London Congestion Charge: A Comprehensive Guide

Jan 31, 2024

London Congestion Charge: A Comprehensive Guide

London Congestion Charge: A Comprehensive Guide

If you're planning to drive in London, you may encounter the Congestion Charge, a daily fee applicable when entering specific parts of the city. Our guide provides comprehensive information on this charge, covering its application, payment details, penalties for non-compliance, and the process for appealing fines.

Overview of the London Congestion Charge

The Congestion Charge is a fee aimed at reducing traffic congestion in central London during specific hours. Managed by Transport for London (TfL), it spans from Kings Cross in the north to Vauxhall in the south, and Paddington in the west to Whitechapel in the east, with ANPR cameras monitoring the perimeter.

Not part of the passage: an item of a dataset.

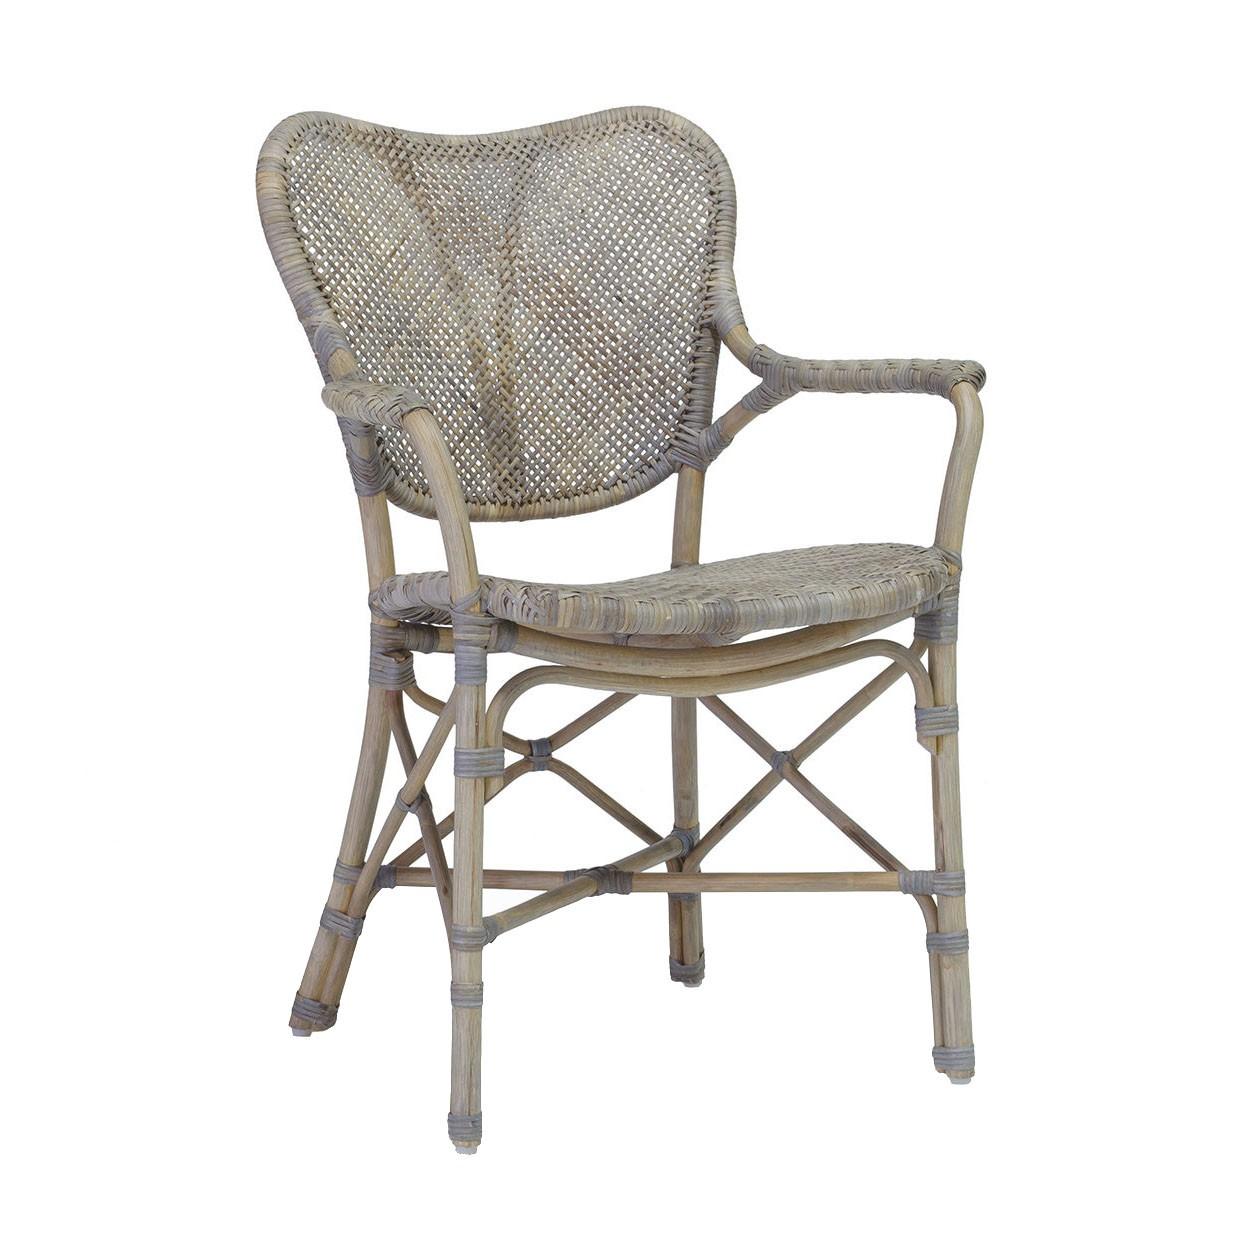 palecek jordan arm chair grey  sc 1 st  Tuvalu Home & Palecek Jordan Arm Chair Grey - Tuvalu Coastal Home Furnishings
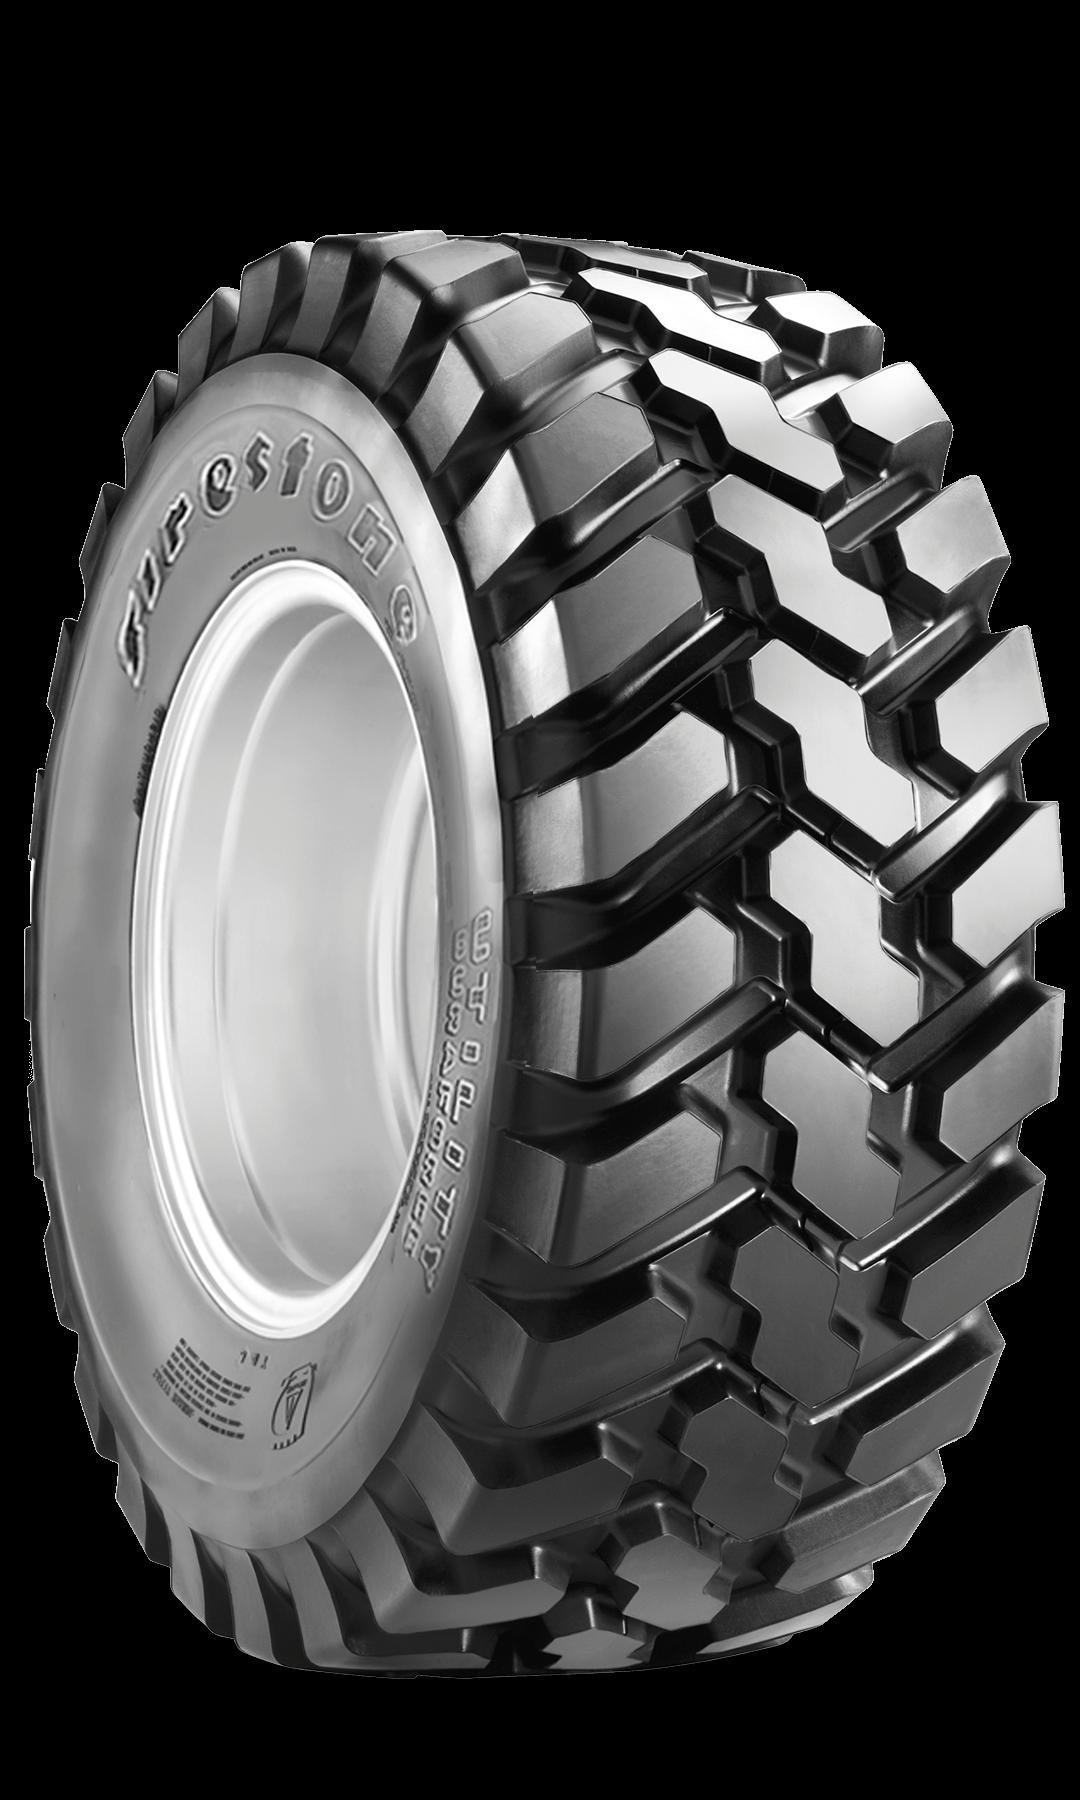 Loader Tires - Heavy Equipment & Construction Tires ...

Differentiation from ULEZ and LEZ

It's distinct from the Ultra Low Emission Zone (ULEZ) and Low Emission Zone (LEZ), where additional fees target specific areas to combat air pollution.

Fee Structure

The charge is £15 per day when paid in advance or on the day, rising to £17.50 if paid by midnight on the third day after the journey.

Operating Hours

Effective seven days a week, the charge applies from 7:00 am to 18:00 pm Monday to Friday and 12:00 to 18:00 Saturday to Sunday (and bank holidays). No charge on Christmas Day or New Year's Day.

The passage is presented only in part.